In powder compacting the different degrees of compaction and friction effects often lead to an inhomogeneous density distribution in the green compact. During the subsequent sintering, zones with a high density shrink less than those with a low density, which can lead to undesirable distortion of the component. Numerical simulation allows this distortion to be predicted, thus allowing the compacting process, or rather the component form, to be optimized.
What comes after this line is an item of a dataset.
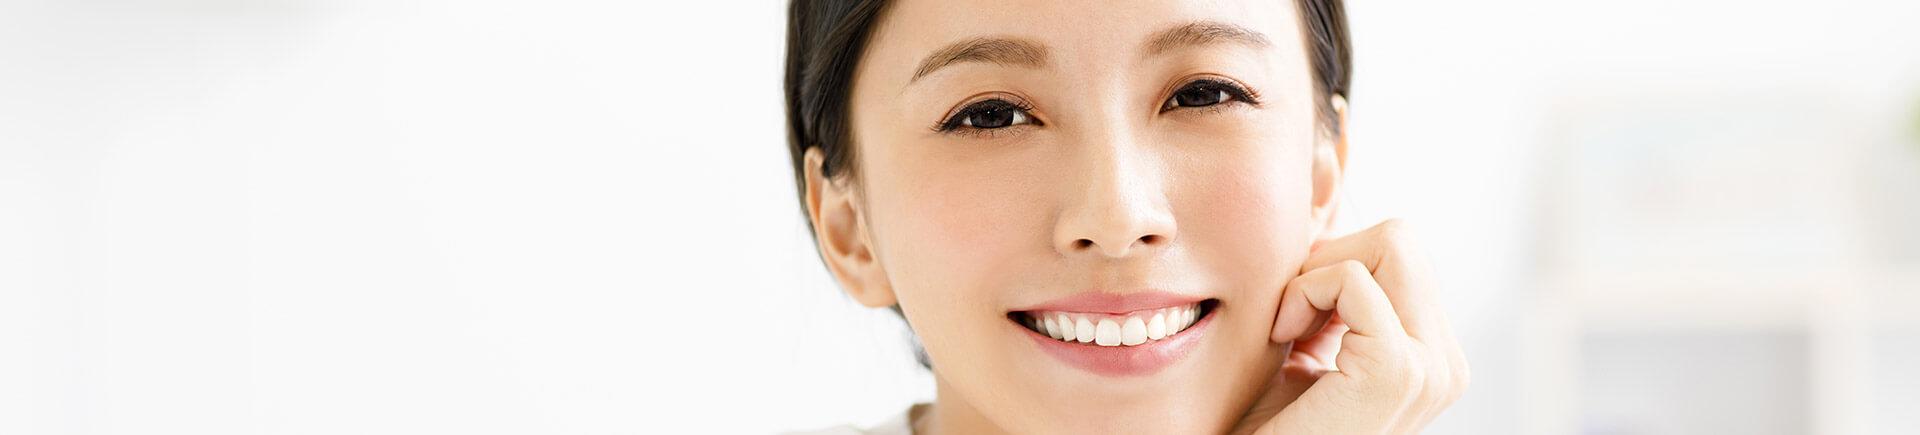 Dental Inlays & Onlays

In principle, it is possible to simulate the entire compacting process with SimPARTIX® at particle level, which, however, calls for a high computing capacity owing to the large number of particles. An alternative is to use continuum mechanics simulations with finite element programs, as have been carried out successfully at the Fraunhofer Institute for Mechanics of Materials IWM for many years. The material models required are, however, of a phenomenological nature; the model parameters must be determined through experiments. Therefore, we carried out our own research project to establish whether the yield surfaces required for the material models could be predicted with SimPARTIX® by using a model powder.
SimPARTIX® was used to simulate a representative volume cell consisting of several thousand particles in order to calculate the yield surfaces. The simulation cell was subjected to periodic boundary conditions which allow any strain states to be specified. This approach enables a macroscopic deformation history to be imposed on the simulation cell first of all, and afterwards the yield surface to be determined. To do this, six independent strain conditions were imposed on the simulation cell, one after the other, and the associated respective stress responses determined.
This procedure can be repeated for various densities in order to determine the chronological development of the yield surface. The figure shows the yield surface after a complex loading situation (compression and shear) for a relative density of 85%. By varying the powder parameters (e.g. particle size distribution), it is possible to determine directly how these influence the compaction behavior of the powder. In addition, this approach enables existing, often very simple, continuum mechanics models to be improved.